*Instructions for the task*
Please repeat only the lines below starting at the line that holds "online　Florida" and ending at the line that holds "Top Apps For", exactly, with both of those lines included and every picture omitted.

*Stored data*
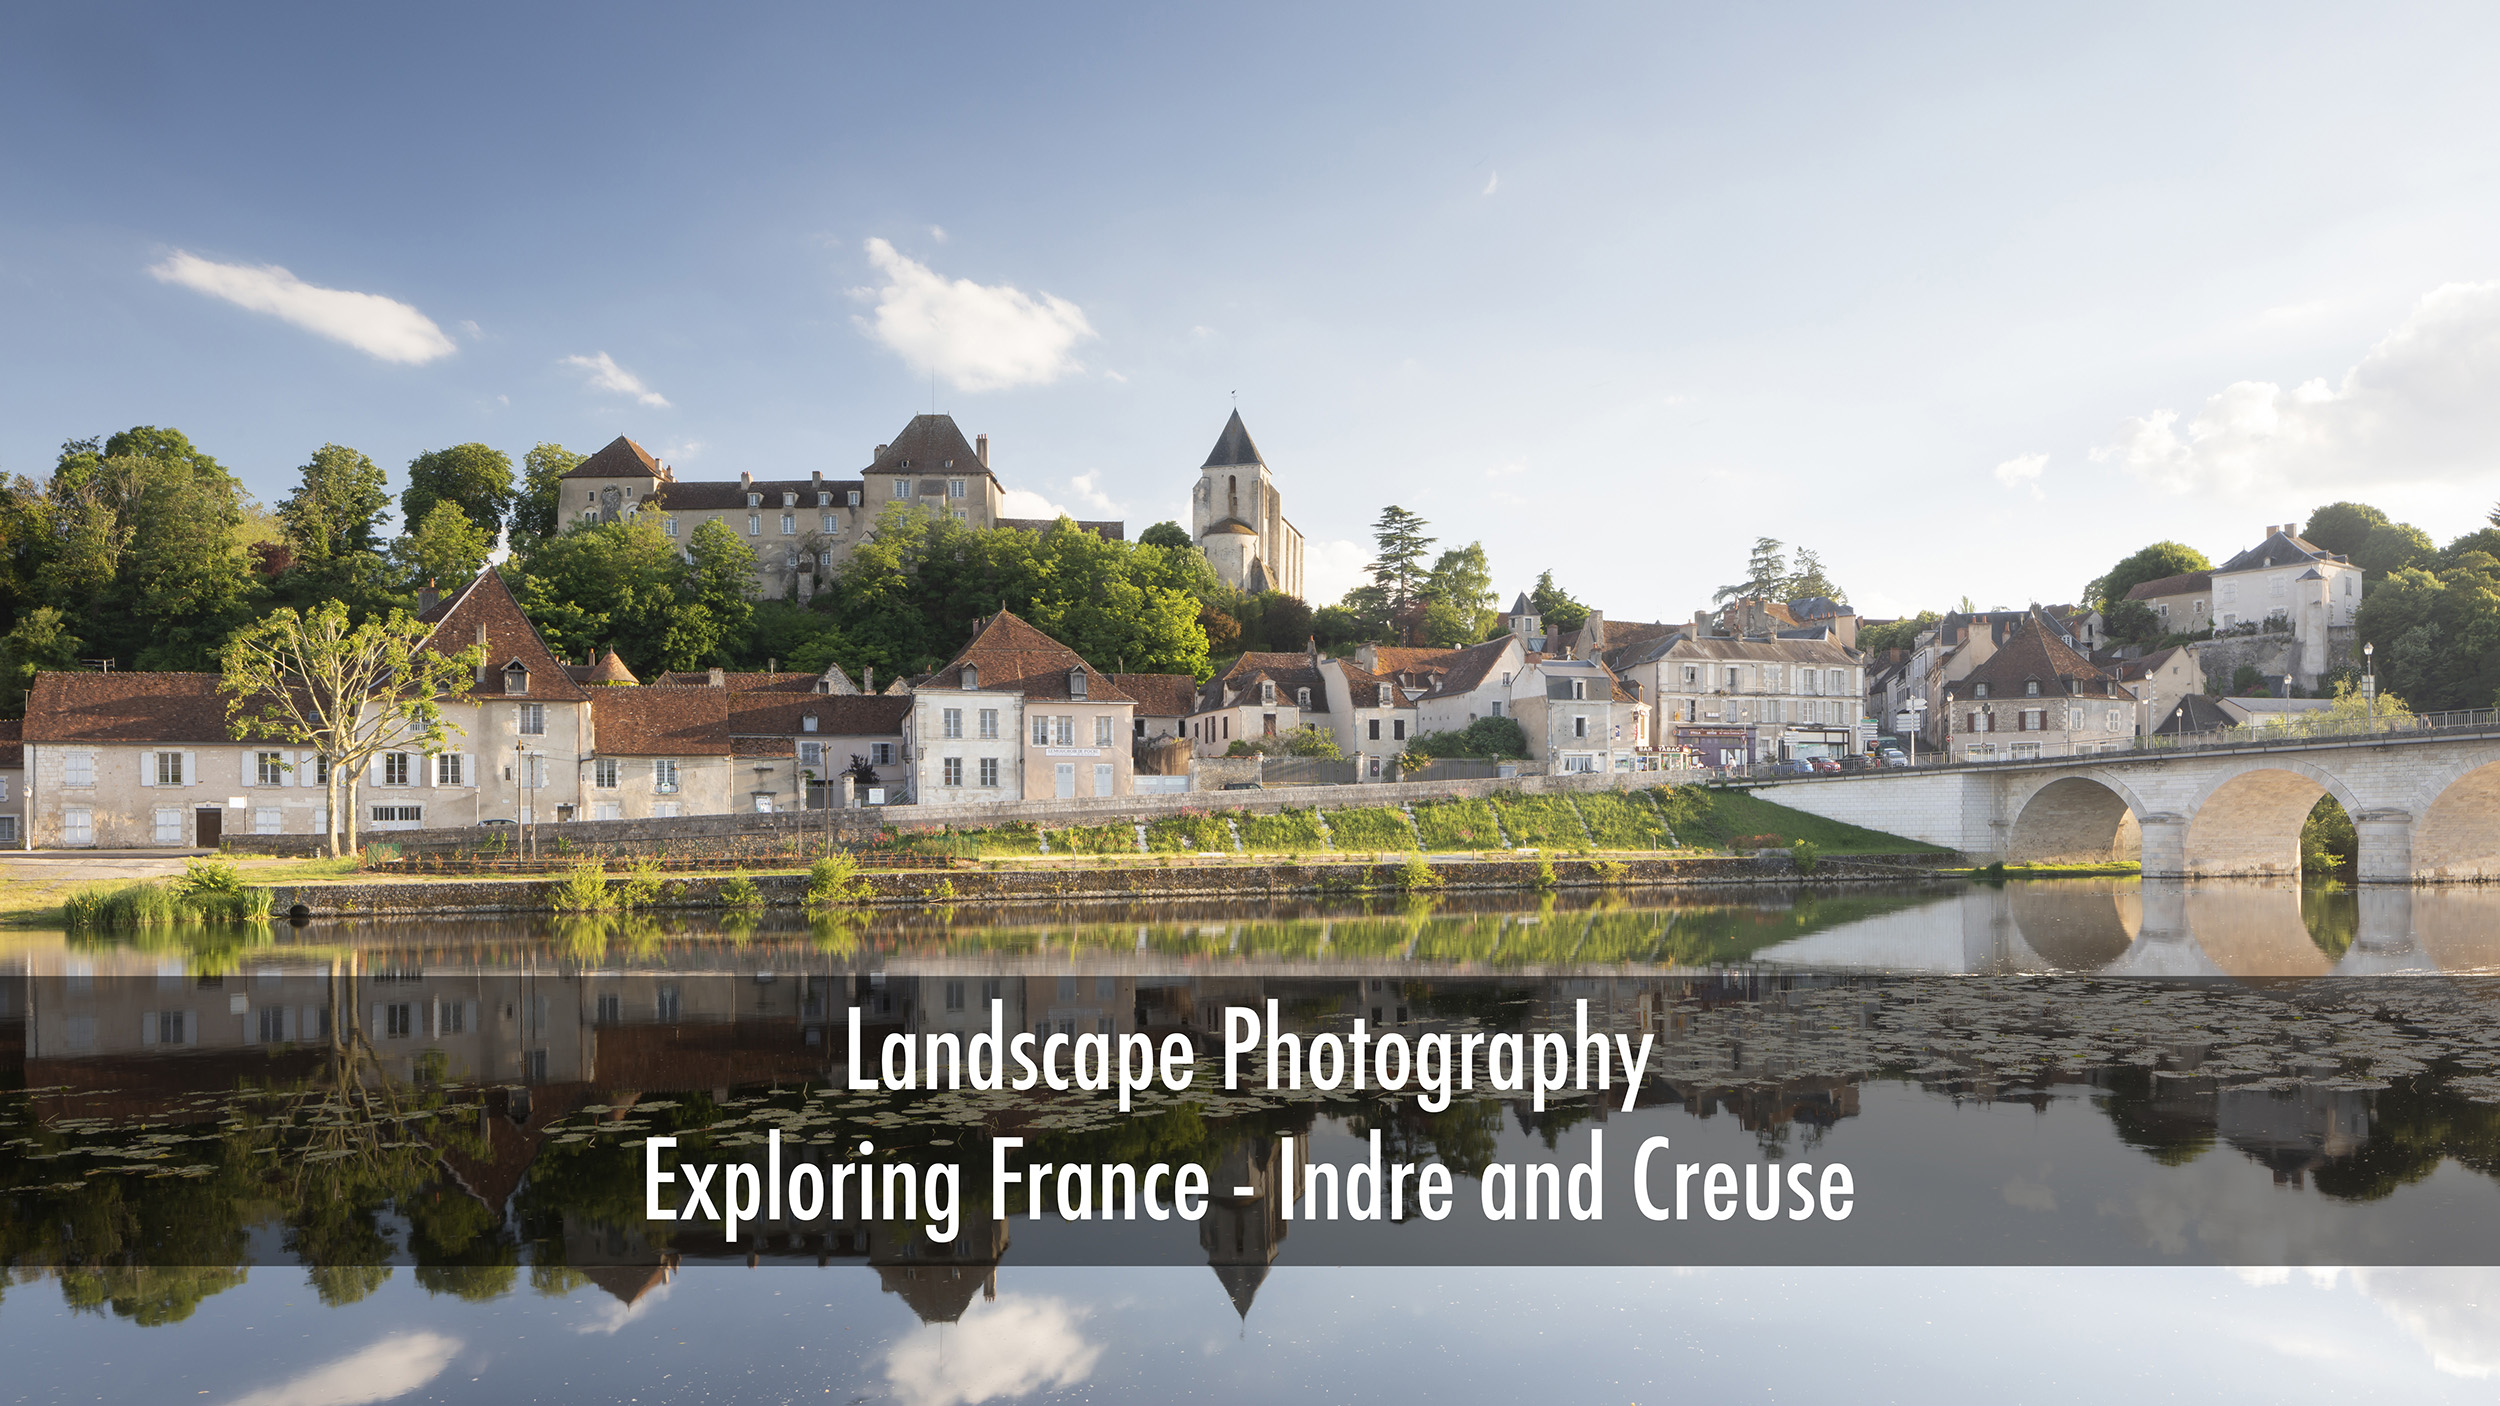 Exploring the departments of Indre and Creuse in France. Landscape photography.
---
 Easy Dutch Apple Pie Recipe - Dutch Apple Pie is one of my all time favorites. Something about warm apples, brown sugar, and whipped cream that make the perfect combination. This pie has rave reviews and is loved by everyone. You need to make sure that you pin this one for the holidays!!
...
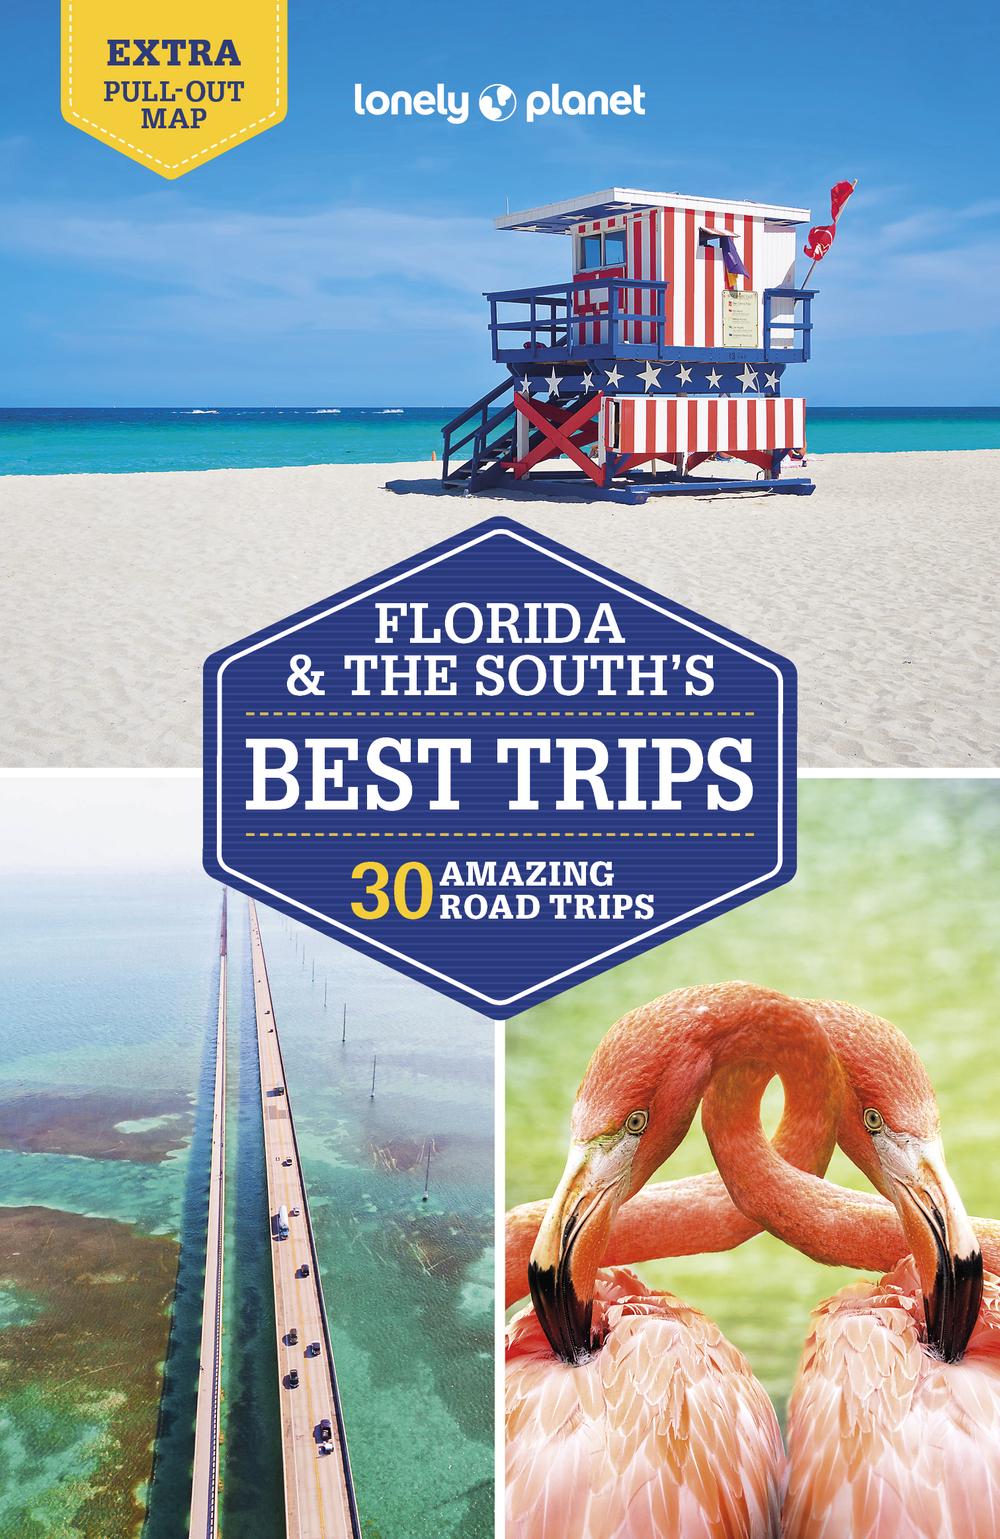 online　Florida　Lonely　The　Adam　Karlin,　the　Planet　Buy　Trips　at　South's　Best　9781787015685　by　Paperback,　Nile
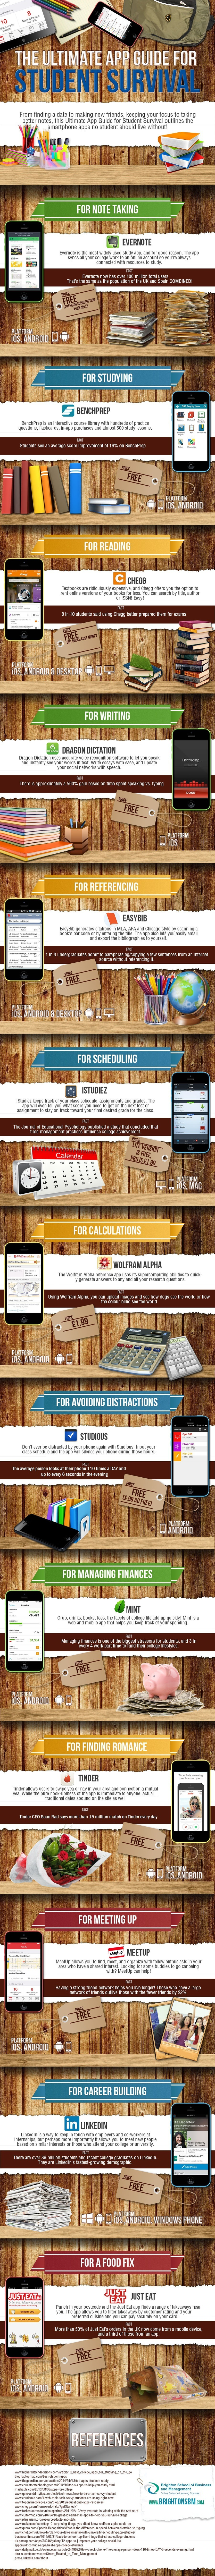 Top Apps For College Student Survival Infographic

*Answer for this exercise*
 online　Florida　Lonely　The　Adam　Karlin,　the　Planet　Buy　Trips　at　South's　Best　9781787015685　by　Paperback,　Nile
 Top Apps For College Student Survival Infographic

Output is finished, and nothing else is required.